• The task:
Please print all the lines below exactly as they are written.

########

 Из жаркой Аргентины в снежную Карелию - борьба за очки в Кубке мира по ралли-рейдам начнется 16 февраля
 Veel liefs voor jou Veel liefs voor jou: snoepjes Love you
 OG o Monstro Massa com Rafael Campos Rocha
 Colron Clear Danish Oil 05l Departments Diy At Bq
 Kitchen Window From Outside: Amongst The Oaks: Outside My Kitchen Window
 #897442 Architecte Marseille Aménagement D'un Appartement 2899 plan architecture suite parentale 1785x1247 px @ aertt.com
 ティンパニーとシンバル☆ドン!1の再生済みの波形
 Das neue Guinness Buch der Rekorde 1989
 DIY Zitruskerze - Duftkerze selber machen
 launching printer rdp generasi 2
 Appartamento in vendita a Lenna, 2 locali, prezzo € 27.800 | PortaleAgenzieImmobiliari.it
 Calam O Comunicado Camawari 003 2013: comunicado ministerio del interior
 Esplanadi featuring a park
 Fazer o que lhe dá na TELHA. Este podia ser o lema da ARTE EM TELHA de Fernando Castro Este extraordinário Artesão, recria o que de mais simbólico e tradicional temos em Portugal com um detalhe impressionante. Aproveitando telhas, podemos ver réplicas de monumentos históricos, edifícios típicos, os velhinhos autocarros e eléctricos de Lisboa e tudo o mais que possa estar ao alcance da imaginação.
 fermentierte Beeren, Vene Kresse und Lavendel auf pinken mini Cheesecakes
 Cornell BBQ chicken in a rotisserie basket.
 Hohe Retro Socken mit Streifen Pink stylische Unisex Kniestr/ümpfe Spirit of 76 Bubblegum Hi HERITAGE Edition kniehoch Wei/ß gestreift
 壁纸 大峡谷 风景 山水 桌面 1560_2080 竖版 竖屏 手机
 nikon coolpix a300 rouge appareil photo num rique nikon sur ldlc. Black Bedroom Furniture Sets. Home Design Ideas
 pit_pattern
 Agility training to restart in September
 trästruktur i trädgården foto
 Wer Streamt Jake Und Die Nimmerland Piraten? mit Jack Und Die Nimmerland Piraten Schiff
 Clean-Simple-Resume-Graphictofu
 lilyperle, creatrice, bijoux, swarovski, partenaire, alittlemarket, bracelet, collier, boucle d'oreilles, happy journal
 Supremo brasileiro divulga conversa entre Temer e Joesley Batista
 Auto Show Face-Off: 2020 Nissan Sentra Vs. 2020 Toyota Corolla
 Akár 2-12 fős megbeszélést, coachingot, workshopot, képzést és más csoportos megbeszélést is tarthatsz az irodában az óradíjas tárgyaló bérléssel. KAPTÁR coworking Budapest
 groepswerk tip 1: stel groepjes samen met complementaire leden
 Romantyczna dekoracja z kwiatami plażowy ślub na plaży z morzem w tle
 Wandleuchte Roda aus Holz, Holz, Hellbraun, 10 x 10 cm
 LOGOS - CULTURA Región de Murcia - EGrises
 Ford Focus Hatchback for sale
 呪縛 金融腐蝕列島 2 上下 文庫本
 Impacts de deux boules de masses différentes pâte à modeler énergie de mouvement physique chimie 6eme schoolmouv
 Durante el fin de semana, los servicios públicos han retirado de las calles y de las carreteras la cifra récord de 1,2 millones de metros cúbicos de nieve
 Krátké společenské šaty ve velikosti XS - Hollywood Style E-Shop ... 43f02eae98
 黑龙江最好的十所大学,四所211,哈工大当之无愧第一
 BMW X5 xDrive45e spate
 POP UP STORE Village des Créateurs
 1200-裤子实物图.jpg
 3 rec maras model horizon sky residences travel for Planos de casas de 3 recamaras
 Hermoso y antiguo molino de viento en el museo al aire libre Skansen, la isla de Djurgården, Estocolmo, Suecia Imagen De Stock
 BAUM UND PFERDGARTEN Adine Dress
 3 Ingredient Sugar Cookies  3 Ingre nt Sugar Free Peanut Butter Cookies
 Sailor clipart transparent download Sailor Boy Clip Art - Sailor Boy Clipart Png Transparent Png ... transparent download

########

• Expected output:
 Из жаркой Аргентины в снежную Карелию - борьба за очки в Кубке мира по ралли-рейдам начнется 16 февраля
 Veel liefs voor jou Veel liefs voor jou: snoepjes Love you
 OG o Monstro Massa com Rafael Campos Rocha
 Colron Clear Danish Oil 05l Departments Diy At Bq
 Kitchen Window From Outside: Amongst The Oaks: Outside My Kitchen Window
 #897442 Architecte Marseille Aménagement D'un Appartement 2899 plan architecture suite parentale 1785x1247 px @ aertt.com
 ティンパニーとシンバル☆ドン!1の再生済みの波形
 Das neue Guinness Buch der Rekorde 1989
 DIY Zitruskerze - Duftkerze selber machen
 launching printer rdp generasi 2
 Appartamento in vendita a Lenna, 2 locali, prezzo € 27.800 | PortaleAgenzieImmobiliari.it
 Calam O Comunicado Camawari 003 2013: comunicado ministerio del interior
 Esplanadi featuring a park
 Fazer o que lhe dá na TELHA. Este podia ser o lema da ARTE EM TELHA de Fernando Castro Este extraordinário Artesão, recria o que de mais simbólico e tradicional temos em Portugal com um detalhe impressionante. Aproveitando telhas, podemos ver réplicas de monumentos históricos, edifícios típicos, os velhinhos autocarros e eléctricos de Lisboa e tudo o mais que possa estar ao alcance da imaginação.
 fermentierte Beeren, Vene Kresse und Lavendel auf pinken mini Cheesecakes
 Cornell BBQ chicken in a rotisserie basket.
 Hohe Retro Socken mit Streifen Pink stylische Unisex Kniestr/ümpfe Spirit of 76 Bubblegum Hi HERITAGE Edition kniehoch Wei/ß gestreift
 壁纸 大峡谷 风景 山水 桌面 1560_2080 竖版 竖屏 手机
 nikon coolpix a300 rouge appareil photo num rique nikon sur ldlc. Black Bedroom Furniture Sets. Home Design Ideas
 pit_pattern
 Agility training to restart in September
 trästruktur i trädgården foto
 Wer Streamt Jake Und Die Nimmerland Piraten? mit Jack Und Die Nimmerland Piraten Schiff
 Clean-Simple-Resume-Graphictofu
 lilyperle, creatrice, bijoux, swarovski, partenaire, alittlemarket, bracelet, collier, boucle d'oreilles, happy journal
 Supremo brasileiro divulga conversa entre Temer e Joesley Batista
 Auto Show Face-Off: 2020 Nissan Sentra Vs. 2020 Toyota Corolla
 Akár 2-12 fős megbeszélést, coachingot, workshopot, képzést és más csoportos megbeszélést is tarthatsz az irodában az óradíjas tárgyaló bérléssel. KAPTÁR coworking Budapest
 groepswerk tip 1: stel groepjes samen met complementaire leden
 Romantyczna dekoracja z kwiatami plażowy ślub na plaży z morzem w tle
 Wandleuchte Roda aus Holz, Holz, Hellbraun, 10 x 10 cm
 LOGOS - CULTURA Región de Murcia - EGrises
 Ford Focus Hatchback for sale
 呪縛 金融腐蝕列島 2 上下 文庫本
 Impacts de deux boules de masses différentes pâte à modeler énergie de mouvement physique chimie 6eme schoolmouv
 Durante el fin de semana, los servicios públicos han retirado de las calles y de las carreteras la cifra récord de 1,2 millones de metros cúbicos de nieve
 Krátké společenské šaty ve velikosti XS - Hollywood Style E-Shop ... 43f02eae98
 黑龙江最好的十所大学,四所211,哈工大当之无愧第一
 BMW X5 xDrive45e spate
 POP UP STORE Village des Créateurs
 1200-裤子实物图.jpg
 3 rec maras model horizon sky residences travel for Planos de casas de 3 recamaras
 Hermoso y antiguo molino de viento en el museo al aire libre Skansen, la isla de Djurgården, Estocolmo, Suecia Imagen De Stock
 BAUM UND PFERDGARTEN Adine Dress
 3 Ingredient Sugar Cookies  3 Ingre nt Sugar Free Peanut Butter Cookies
 Sailor clipart transparent download Sailor Boy Clip Art - Sailor Boy Clipart Png Transparent Png ... transparent download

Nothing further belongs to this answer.